YouTube: Google LLC (owner of YouTube), 1600 Amphitheatre Parkway, Mountain View, CA 94043, USA. For more information, please refer to YouTube’s privacy policy at https://www.youtube.com/howyoutubeworks/our-commitments/protecting-user-data/ .

When you visit our social media pages, data is processed both by us and the respective social media provider. The social media provider is primarily responsible for processing your data, particularly in terms of data protection and exercising your rights. They are best positioned to provide detailed information on how they handle your data.

Data Processing and Legal Basis:

On our social media pages, we interact with users and share relevant information. If you engage with us through comments, likes, shared content, or direct messages, we may process that data to communicate with you and manage inquiries.

Data processing occurs based on:

Your consent: when you engage with our social media content.
Contractual obligations: when the communication pertains to specific inquiries or services.
Legitimate interests: in improving our services and online presence.

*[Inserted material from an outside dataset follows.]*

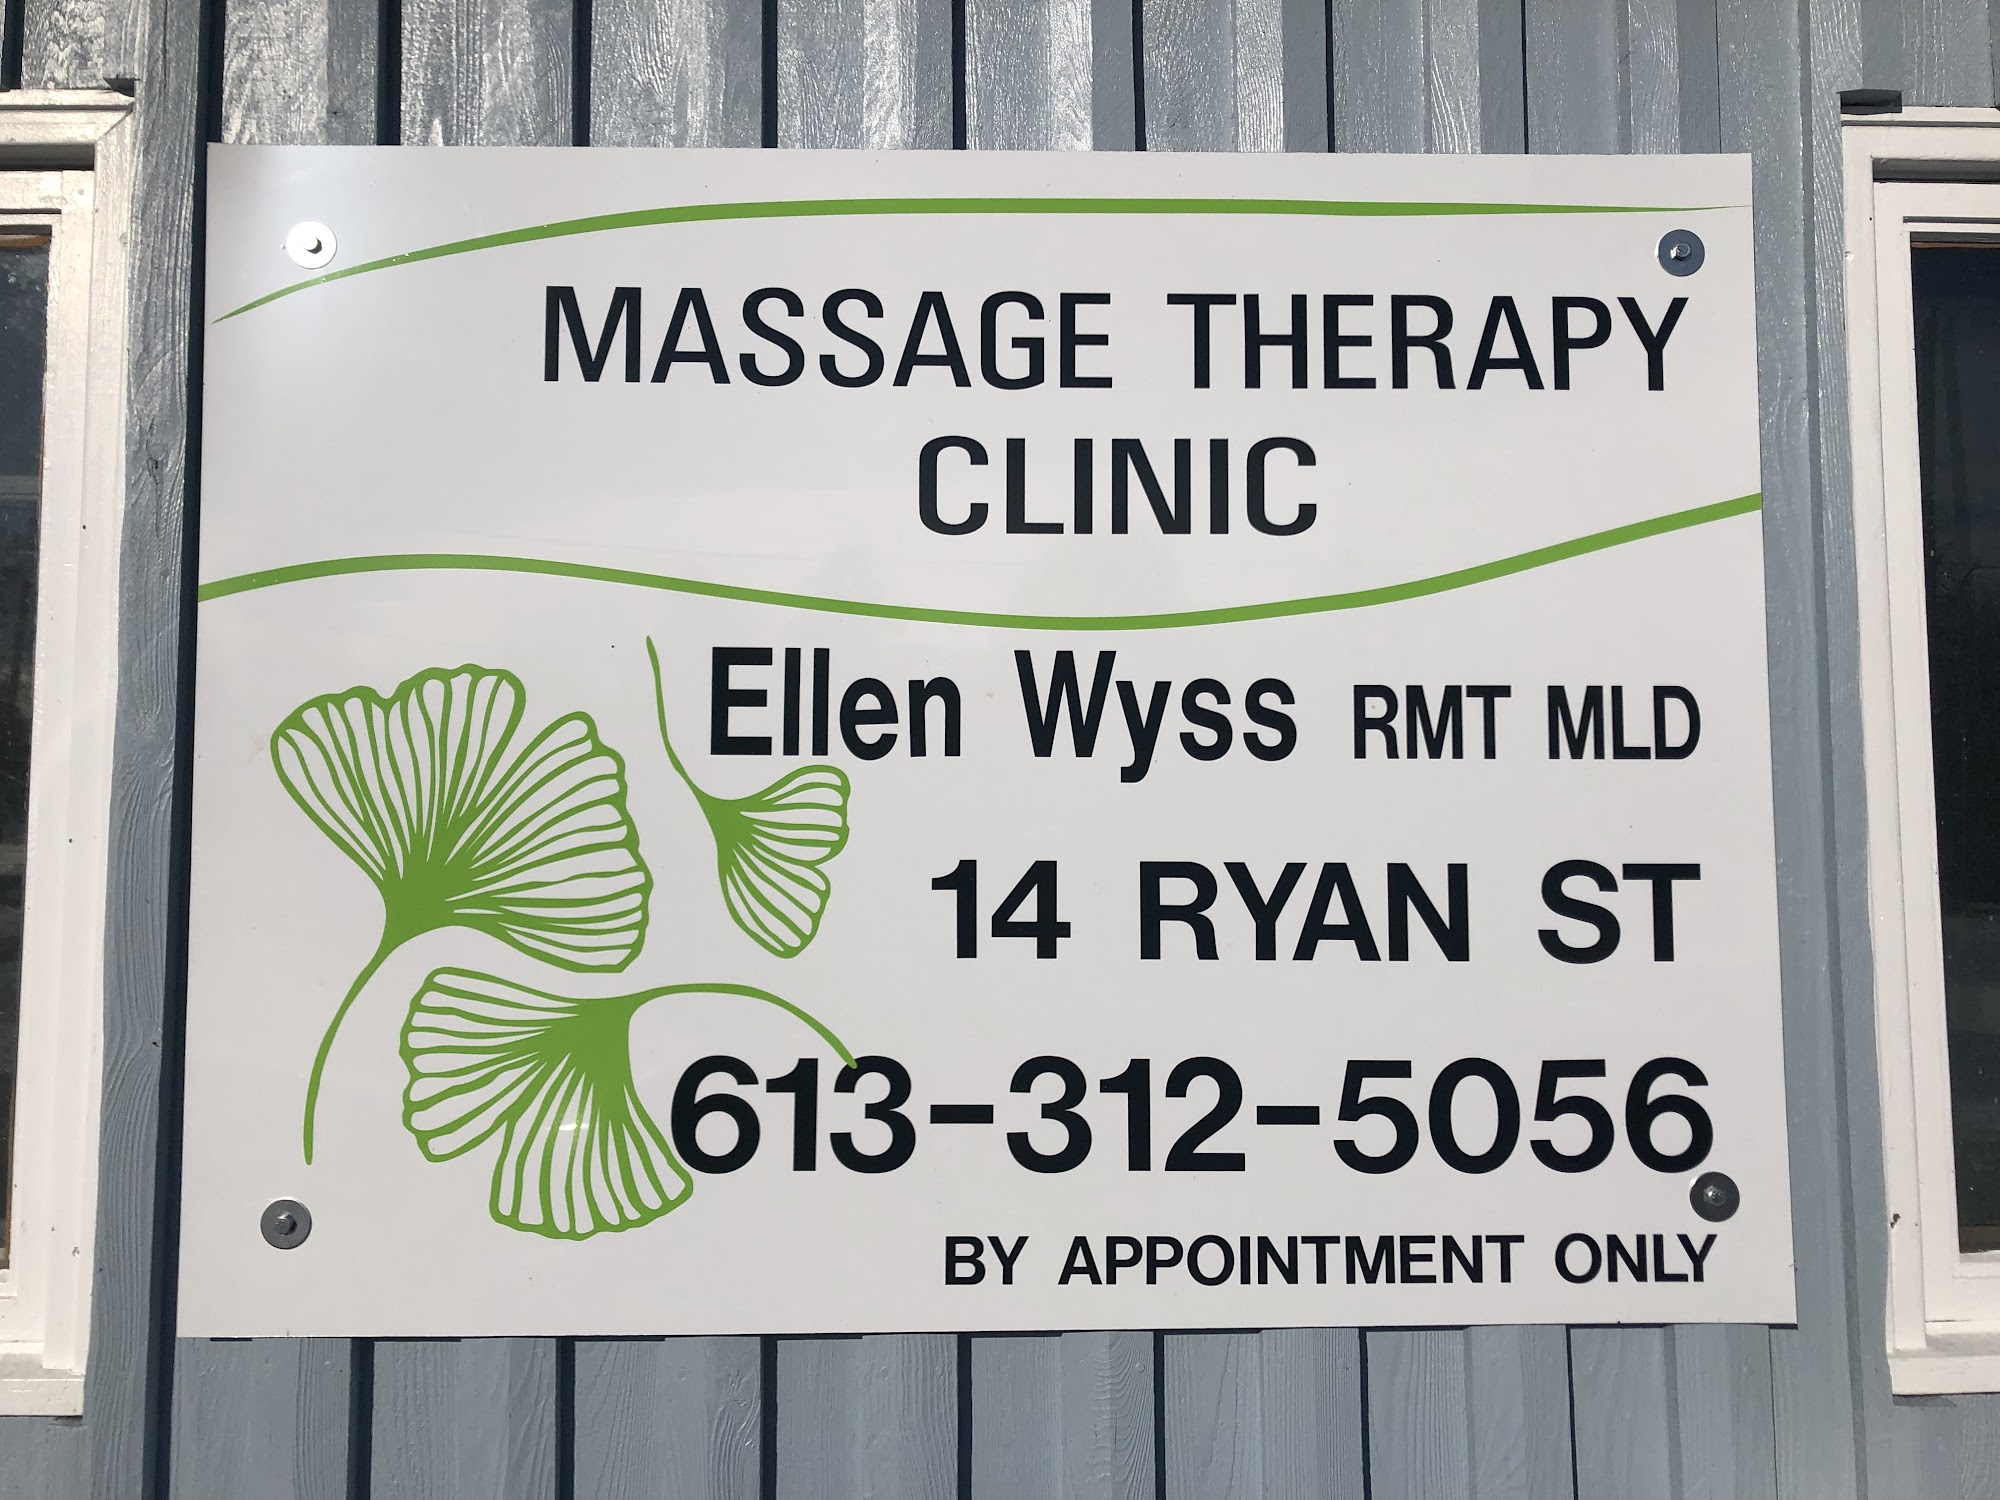 Ellen Wyss RMT 14 Ryan St, Killaloe Ontario K0J 2A0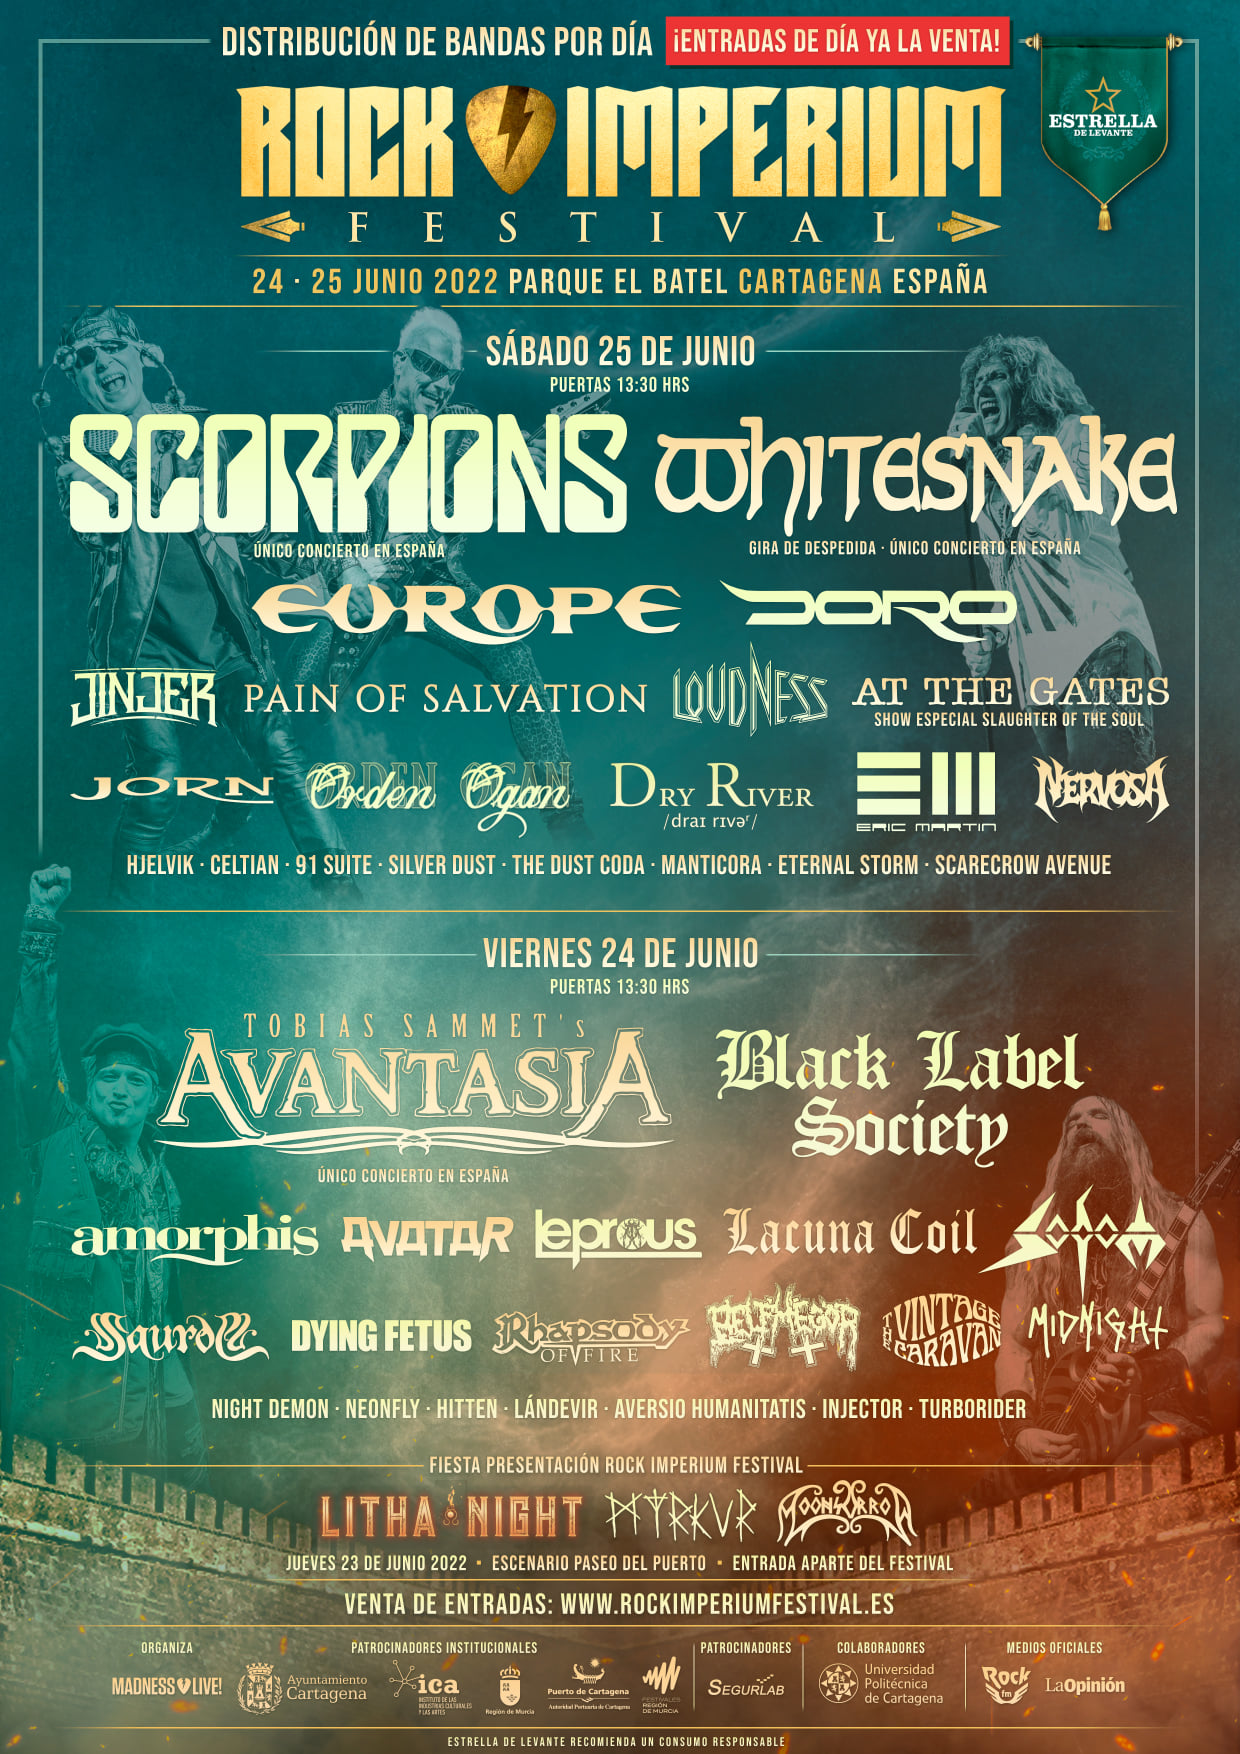 Rock Imperium Festival  24 y 25 de junio de 2022 en Cartagena (España)  - Página 2 243303807_160108002985637_996728147363203815_n

Social media providers may also use cookies and other tracking technologies to analyze user behavior and enhance their services. Please refer to each provider’s privacy policy for details on how they manage data and the use of tracking technologies.

6. Changes to our privacy policy

We reserve the right to adapt this data protection policy so that it always complies with the current legal requirements or to implement changes to our services in the data protection policy, e.g., when introducing new services. The current data protection declaration applies to every visit to the website.